- Date: December 28, 2007
- Season: 2007
- Stadium: Florida Citrus Bowl
- Location: Orlando, Florida
- MVP: FS Jamie Silva (Boston College)
- Favorite: Boston College by 3½
- Referee: Randy Christal (Big 12)
- Attendance: 46,554

International TV coverage
- Network: ESPN
- Announcers: Mike Patrick, Todd Blackledge, and Holly Rowe

= 2007 Champs Sports Bowl =

American college football game

The 2007 Champs Sports Bowl was the 18th edition of the college football bowl game. It was part of the 2007-08 NCAA football bowl games season, and was played on December 28, 2007, at the Citrus Bowl stadium in Orlando, Florida. The game pitted the Michigan State Spartans of the Big Ten Conference against the Boston College Eagles of the Atlantic Coast Conference.

==Background==
In Mark Dantonio's first season with Michigan State, he led them to their first winning season since 2003. They won their first four games of the season, but went 1–5 to begin conference play, before wins over Purdue and #22 Penn State righted the ship, though they finished tied for 5th with Purdue and Indiana in the Big Ten Conference. This was the fourth bowl game of the decade for the Spartans. Boston College won their first eight games of the season while rising from unranked to #2 in the polls before a match-up with Florida State. A 27–17 loss dropped them to #8 and a loss to Maryland the following week dropped them to #17, though they won their last two games (against #20 Clemson and Miami) to win the Atlantic Division of the Atlantic Coast Conference. In the ACC Championship Game, they faced off against #5 Virginia Tech, who beat them 30–16. This was the eighth bowl game of the decade for the Eagles.

==Game summary==
- Michigan State - Kellen Davis 18-yard pass from Brian Hoyer (Brett Swenson kick)
- Boston College - Jon Loyte 1-yard pass from Matt Ryan (Steve Aponavicius kick)
- Boston College - Rich Gunnell 29-yard pass from Matt Ryan (Steve Aponavicius kick)
- Michigan State - Brett Swenson 39-yard field goal
- Michigan State - Brett Swenson 23-yard field goal
- Boston College - Steve Aponavicius 28-yard field goal
- Boston College - Rich Gunnell 68-yard pass from Matt Ryan (Steve Aponavicius kick)
- Michigan State - Deon Curry 14-yard pass from Brian Hoyer (Kellen Davis 2-point pass)

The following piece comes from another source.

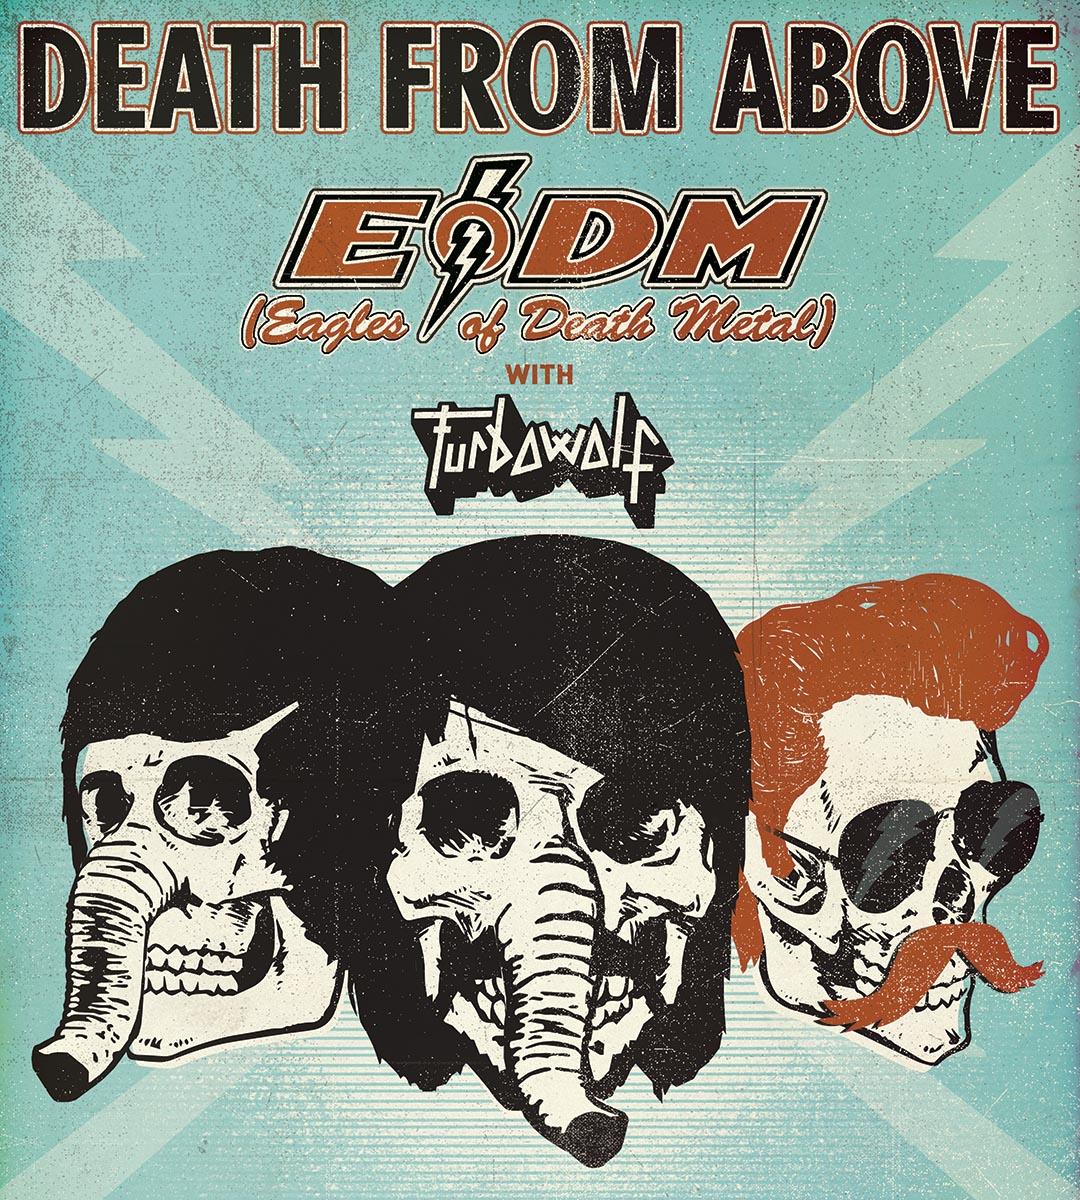 DeathFromAbove_EaglesofDeathMetal_sgT_COL_2

Jamie Silva had 10 tackles, 7 solo while also having 2 interceptions and 4 punt returns for 37 yards en route to being named MVP.

==Aftermath==
Michigan State began a streak of 9 straight bowl appearances under Mark Dantonio (the longest streak in school history) while the Eagles went to two more bowls game in the decade.

Both quarterbacks went on to lengthy NFL careers.